Choose Psychiatry 2022: "I could do that!"
17 October, 2022
In early August 2017, I found myself sitting in a small, slightly stuffy room in an old building in the grounds of Dykebar hospital in Paisley, listening to a senior doctor speak.
It was hot but that didn’t explain my rather flushed face and racing heartbeat. This was “changeover day” and I was listening to the induction for higher trainees in psychiatry.
It had been 18 years since my last changeover day, and I was nervous and more than a little apprehensive. The thought running through my head was “What have I done?”.
It was exactly where I wanted to be, despite my nerves and anxieties. I had worked for 14 years in a community post as a specialty doctor, starting the job to try to have more “life” in my work-life balance.
I had two children at the beginning of the noughties and the post suited me well during that period. I had my own caseload of patients, and it was a privilege to get to know them over an extended period.
Should I return to training?
There was always a plan in the back of my mind to return to training, but the “right time” didn’t happen until quite a few years later when a number of new consultants joined the team. They were enthusiastic and dare I say it, younger than me.

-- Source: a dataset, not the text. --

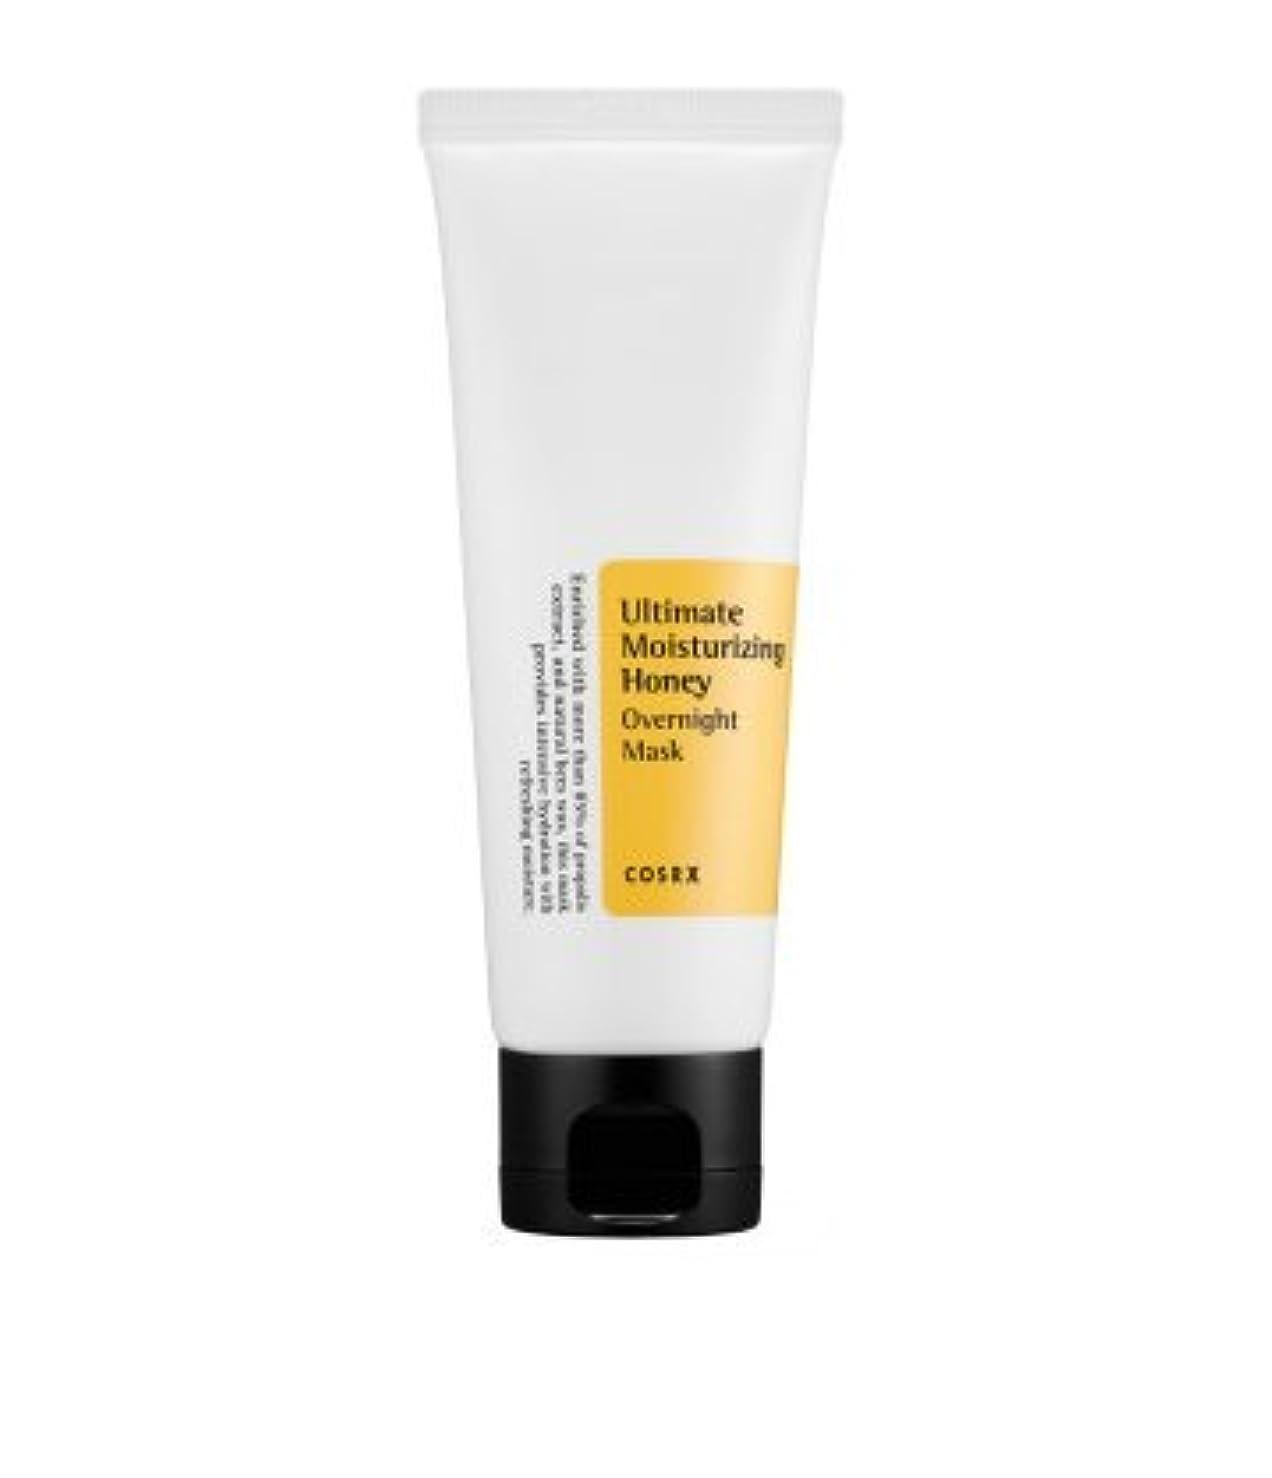 運河無駄行方不明COSRX アルティメット モイスチャライジング ハニー オーバーナイト マスク チューブタイプ(60ml) リニューアル / Ultimate Moisturizing Honey Overnight Mask [並行輸入品]

This was a real wake up call! Consultants weren’t supposed to be younger! More seriously, watching them work, I began to think “I could do that”.
This thought grew until with support and encouragement, I began to consider returning to training. Psychiatry is such an interesting area of medicine.
Being able to have the time and space to really listen to patients was what first drew me to a post in the specialty.
I love working as part of a team which, although not exclusive to psychiatry, is such an important aspect of mental health care and treatment. Returning to training would allow me to build on my experience in the community team.
I began to study for the first time in over a decade. Not only did I need the support at work but also at home. Studying and working is not easy, as many trainees will know. I sat and passed Paper 1 in 2012 and in 2016 passed the CASC examination. With the support of my consultant colleagues, I was able to evidence the core competencies needed to return to training.
“One of the best things I’ve ever done”
When I think back to that hot room on induction day five years ago, I wish I could tell myself not to worry. Returning to training has been one of the best things I have ever done. It has been a real privilege to train alongside some of the most motivated and impressive trainees I have met.
They have also been so very welcoming and supportive, especially during the early days of the COVID pandemic. I have also continued to have informal mentoring from my former colleagues in my old workplace.
I am about finish training at the end of this month and am almost sad in a way, that training must end.
I hope I can give as much support and encouragement to trainees and SAS grade doctors in my new role as a consultant psychiatrist as I have received in the last 10 years.
I can’t thank my former supervisor, Dr Debbie Monaghan and the other consultants in the team enough for everything they did to help me return to training.